I completely agree with Lisa. I would definitely suggest crating her at night. It will be really tough at first (lots of barking and crying), but it will definitely be worth it in the end.


----------



## Mijo's Mom (Apr 19, 2007)

Lisa said it perfectly... crated at night and energy release during the day. Tire her out because it sounds like she has a lot of energy to burn off. A tired puppy is a good puppy!  Good luck! 

Connie


----------



## ama0722 (Nov 28, 2006)

I completely agree too  I couldn't imagine the things Dash would get into if I just let him do what he wanted at night! I do some hard core playing around 9pm with him and by 10pm, he goes into his crate, crashes, and I don't hear a peep out of him until Isabelle decides it is time for all of us to get up!

Amanda


----------



## anneks (Mar 13, 2007)

Have you tried sprays like bitter apple that are supposed to deter them from chewing on stuff? Also do you just have chew toys or bones? I have a large dog that's a chewer and if I don't keep bones around he is likely to get something near him and chew on that. 

I hope you get everything worked out. It might be worth talking to a trainer to get more ideas.


----------



## mugsy & me (Feb 3, 2008)

mugsy (19 months) has discovered the joys of eating my brand new bed!!
i bought some 'bitter yuck' and he hates it!!
i also make sure to cover the corners of the bed in the morning with the down quilt. he wont move things to chew on whats underneath.
mugsy chews to spite me though, i don't think it's from boredom in his case. he gets mad if i lock him out of the bathroom when showering.


----------



## Scooter's Family (May 23, 2008)

Our little guy is fine in the crate at night as long as he can see us. Now he whimpers a few times, we tell him goodnight and he circles a few times and falls asleep. There is NO WAY I'd let him have the run of the room at night, there's no telling what he'd get into.

Scooter did cry when I showered but now I just leave the door slightly open and he pokes his head in a few times. Once he realizes he's going to get wet he goes to his toy or his little bed I bring in there. I close all of the other doors though so he can't get into the WC or closet. Seems like they just don't like to be physically separated in any way although we're learning that through trial and error!

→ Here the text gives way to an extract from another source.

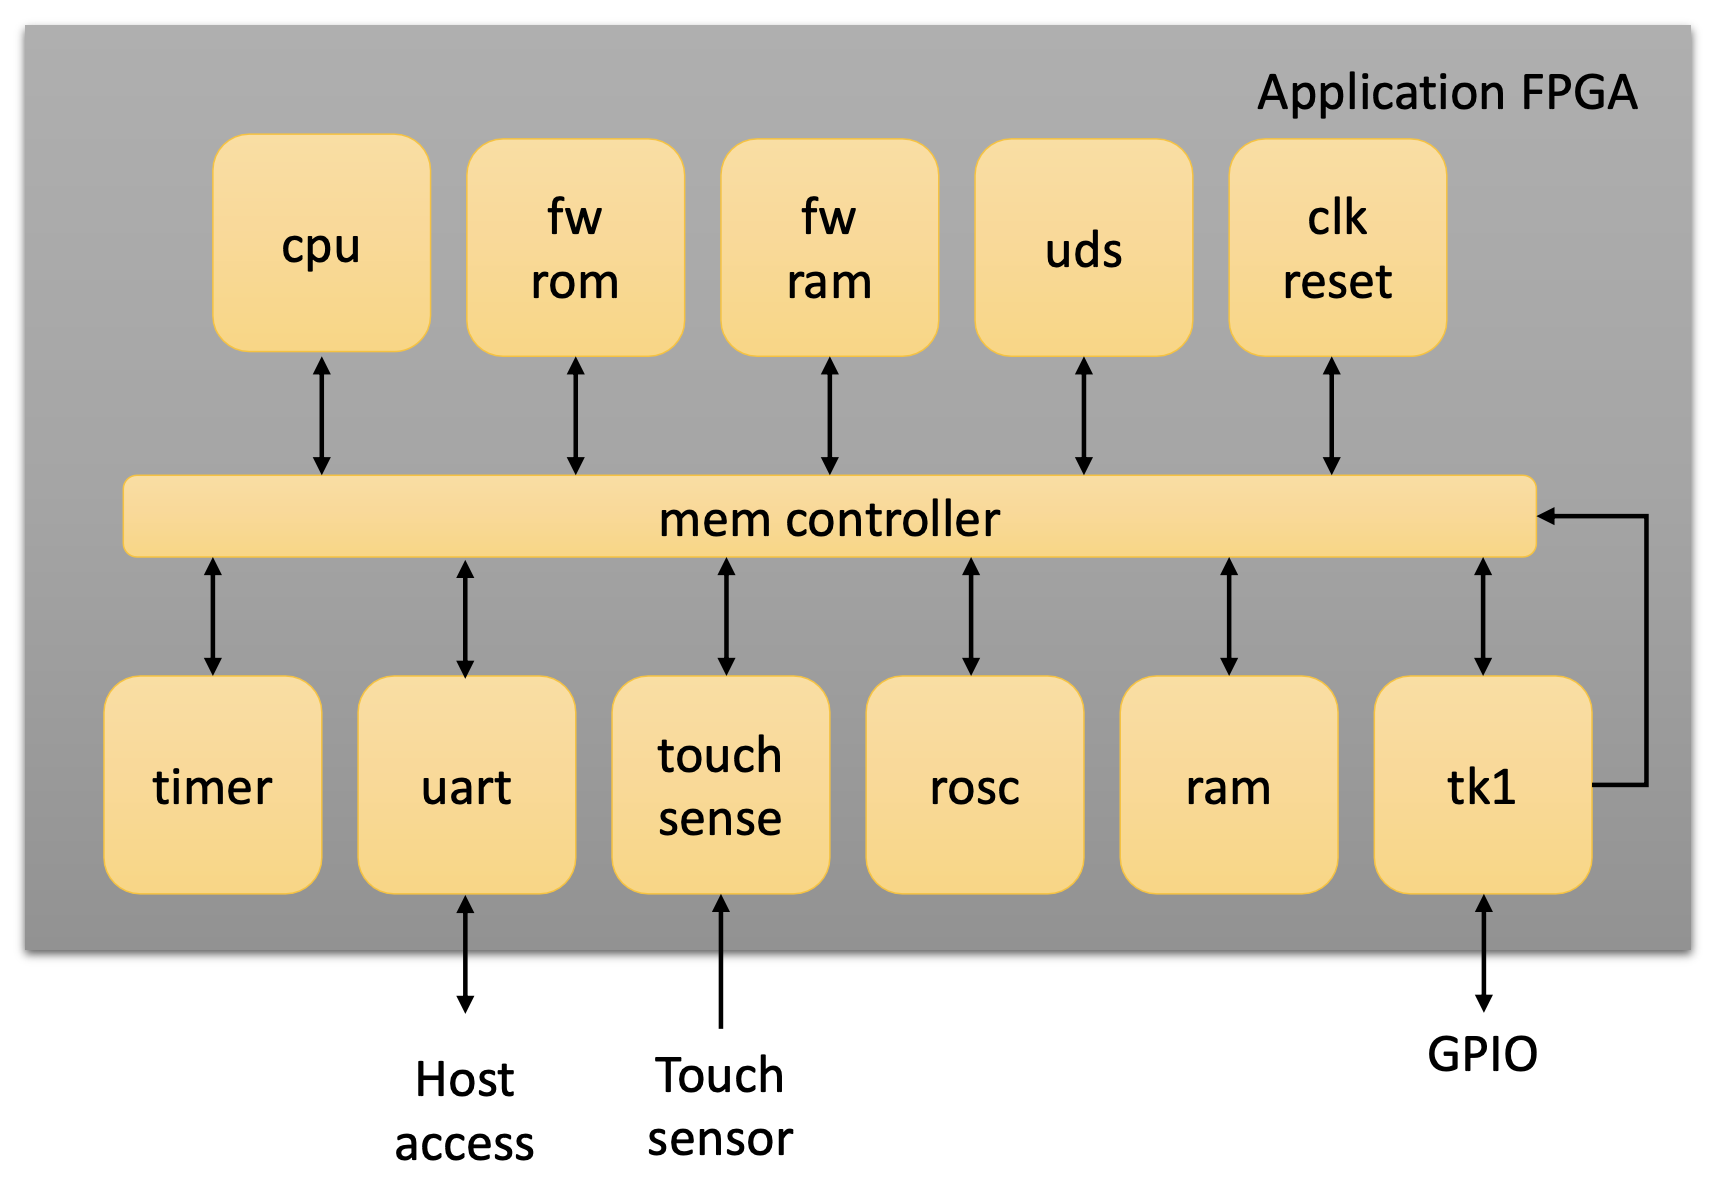 The Application FPGA block diagram

The bitter apple stuff REALLY worked for us, he hates it and runs away from whatever we spray it on.


----------



## Sissygirl (Aug 8, 2007)

That little terror sure is a cutie! Have you tried a treat filled Kong? Something that will keep his interest and redirect his chewing. Good Luck.


----------



## JanB (Oct 26, 2007)

Ditto on the crating at night and wearing her out with lots of play, long walks and training. I bet it will do wonders for your cute little "terror".


----------



## JASHavanese (Apr 24, 2007)

I agree with Lisa but I'd add that NILF would be a great help here. You can google it. NILF stands for Nothing In Life is Free and shows your dog that you're the alpha. It sounds way too easy and people don't pay attention to it but I promise it helps a lot.


----------



## Julie (Feb 8, 2007)

Sounds like you have received some really good advice here that I can't really add to,however I just wanted to tell you that at 9 months,you probably have a long ways to go. 9 months is still very young for a hav to have access to your home and bed(in my opinion). My guy was crated till after he was a year old. He is 2 now and still does not sleep in my bed(by my choice)and he sleeps right next to me on the floor in his bed...but it was a long road to get that far. Having a hav requires alot of time and effort,dedication and forgiveness....it'll be unfortunate if you get rid of your puppy because you were not prepared to take on the challenge.....I don't mean to sound harsh,but that's why we try to educate people on the breed BEFORE they fall in love with a cute face.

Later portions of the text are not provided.